In 1896, To-day magazine described Aimée Daniell Beringer as "one of the most popular personalities in literary and theatrical Bohemia." Beringer was the manager of the Opera Comique Theatre in London. Plays by Beringer included Tares: A Social Problem (1888), Katherine Kavenagh, The Prince and the Pauper (1890, adapted from the Mark Twain book), That Girl (1890, adapted from a story by Clementina Black), Holly Tree Inn (1891, 1902; an adaptation of a Charles Dickens story), Bess (1891, 1893), Salve (1895), A Bit of Old Chelsea (1897, 1898, 1902), My Lady's Orchard (1897), The Plot of His Story (1899–1901), Jim Belmont (1901), and The Agitator (1907–1908). She also wrote novels, including Beloved of the Gods (After the Danish) (1883), A Left-Handed Marriage (1886) and The New Virtue (1896).

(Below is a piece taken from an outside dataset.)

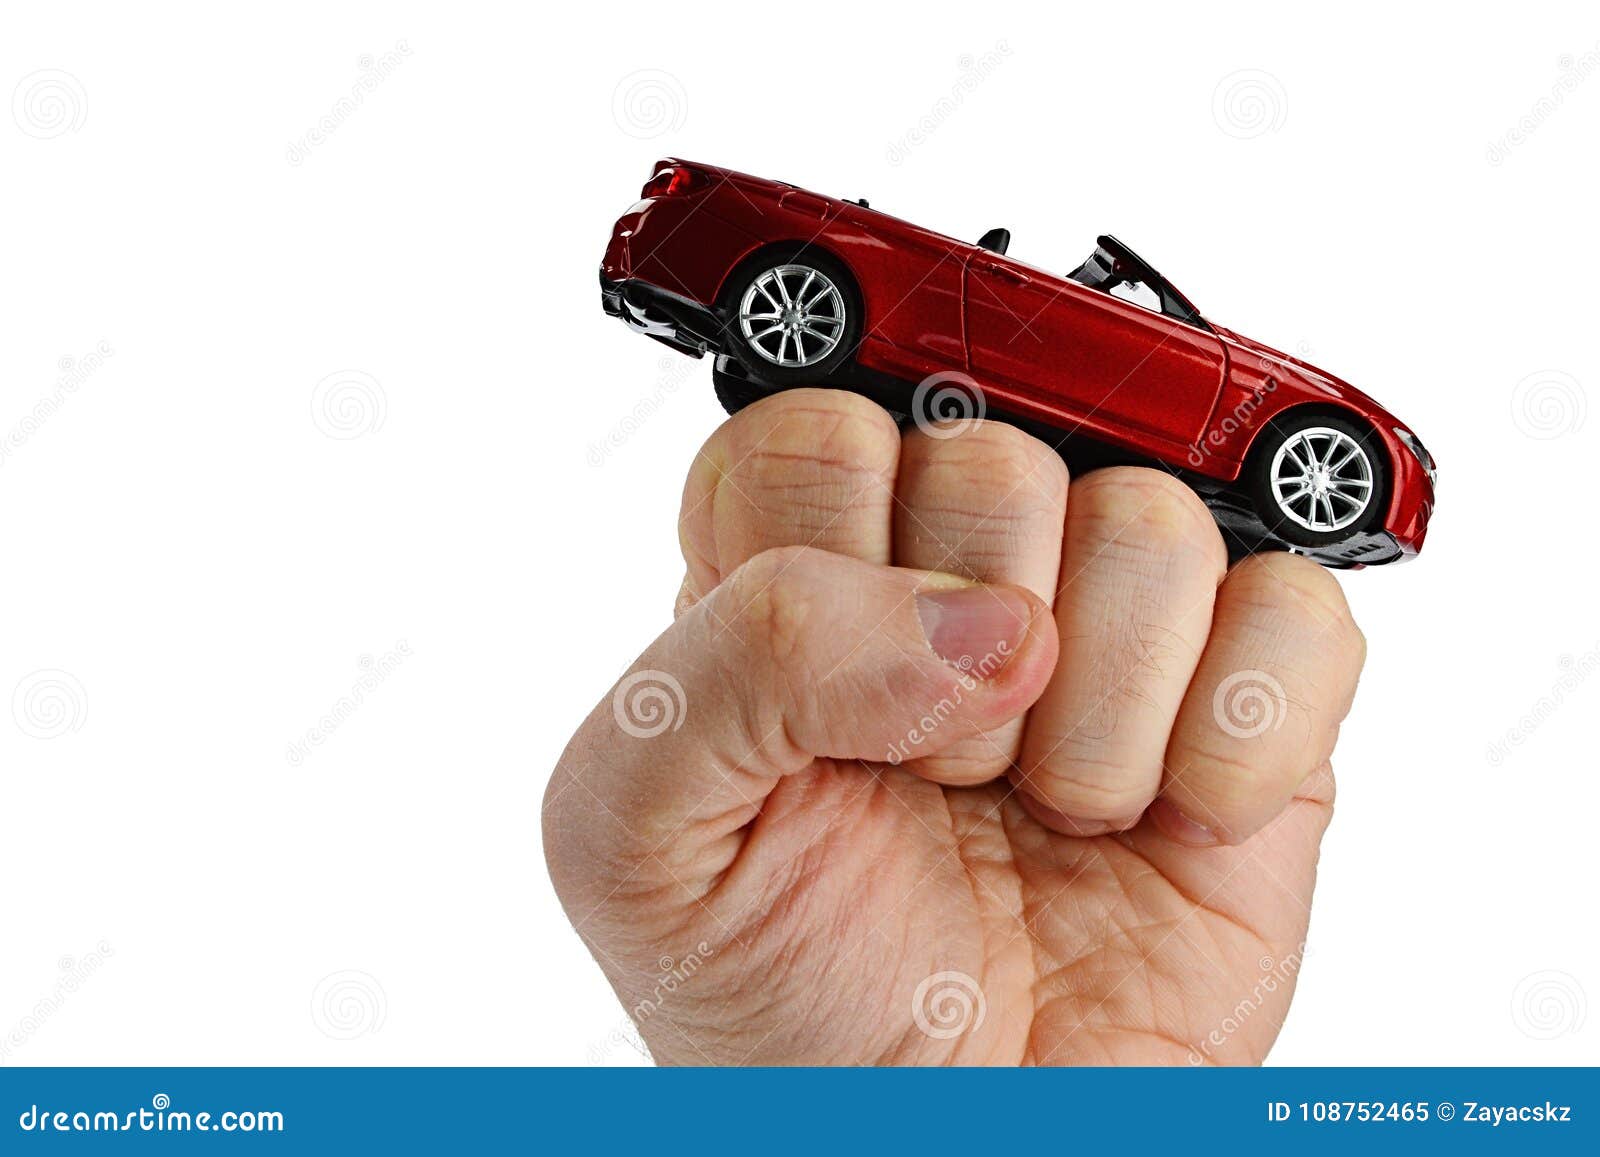 https://thumbs.dreamstime.com/z/red-convertible-german-cabriolet-car-model-placed-raised-fist-adult-man-white-background-108752465.jpg

She was one of the commenters in The Idlers "The Idlers' Club," along with Eliza Lynn Linton, Evelyn Sharp, Arabella Kenealy, Fred Whishaw, Ella Hepworth Dixon, Jerome K. Jerome, Robert Blatchford, George Bernard Shaw, and other literary figures. The monthly panel discussed such topics such as early marriage ("Youth is a very charming and enviable possession, but none will deny that it is imperious, exacting, and egotistic," she opined) and "At What Age is Man Most Attractive to Woman?" (Beringer began her response to this subject with "This is a very distracting question.")

==Personal life==

Aimée Daniell married the pianist Oscar Beringer in 1873. Among their five children were actresses Esme Beringer and Vera Beringer, who both appeared in productions of their mother's plays. Her son Guy Beringer was a journalist. She was widowed in 1922, and died in 1936, aged 79 years, at a nursing home in Bournemouth.